Spider-Man GN in Censorship Dispute
In an Elementary School
Published: 03/29/2009 11:56pm
The book in question, which can be seen in the KETV report, but is not identified in the newscast, is J. Michael Straczynski’s Amazing Spider-Man Vol.2: Revelations, which was published in 2002 and rated “PG, Ages 12+” by Marvel. During its report KETV showed panels featuring John Romita Jr.’s art depicting Mary Jane in a bikini and a short skirt (the graphic novel includes Amazing Spider-Man #39, the adventurous “silent” issue).
Donna Helvering, the school district’s head librarian, said that the school will form a committee to evaluate the complaint within 30 days and the committee will decide whether to keep the book on the school’s library shelves or not. Ms. Helvering told KETV that books chosen for the district's school libraries undergo a rigorous selection process, but she also indicated that she welcomes complaints and parental input, since “we know that we’re not always perfect.”

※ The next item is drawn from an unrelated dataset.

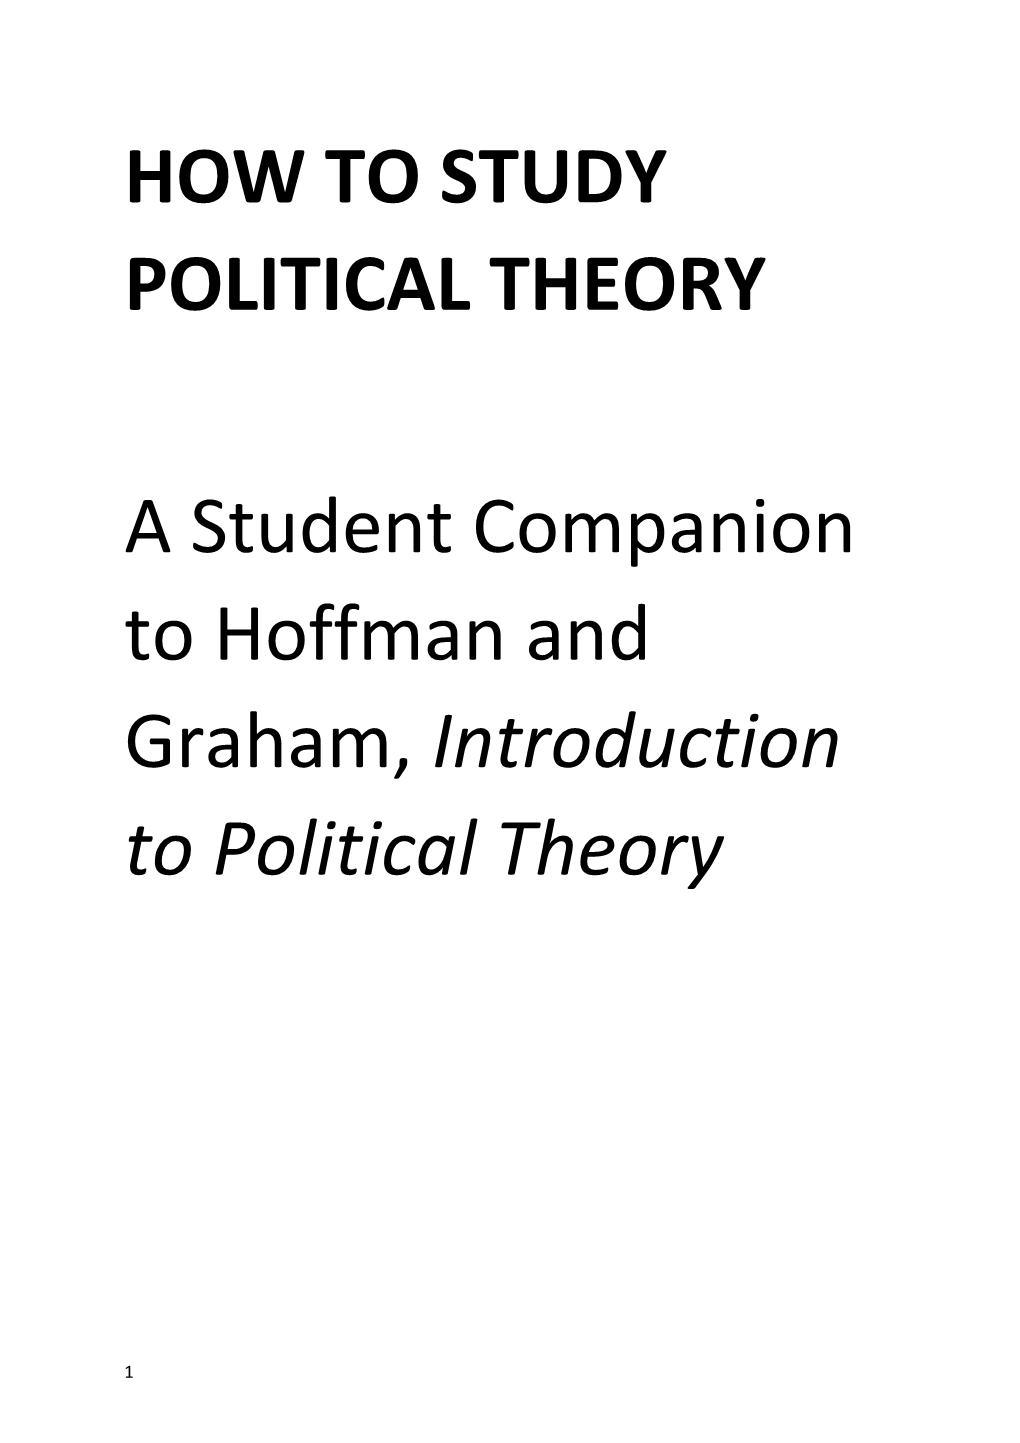 How to Study Political Theory

In this case Marvel’s own age rating indicates that the book is not intended for 6-year-olds and would be more appropriate in a junior high school or high school library. This incident exemplifies the challenges faced by school librarians who have to deal with the difficulties (both internal and external) of providing age appropriate material to students of varying ages and maturity levels. Marvel has produced Spider-Man comics targeting various age groups ranging from the all-ages Marvel Adventures Spider-Man to Marvel Knights Spiderman, which became Sensational Spider-Man with issue #23 and was designed for more mature readers, though it didn’t exactly feature the “adult” themes tackled in Marvel’s MAX imprint. To make things even more complicated for librarians who might want to cross-check comic book age ratings online, there is no single comic industry age-rating standard, and Marvel has changed its age-rating system since 2002 when Amazing Spider-Man Vol.2: Revelations was published.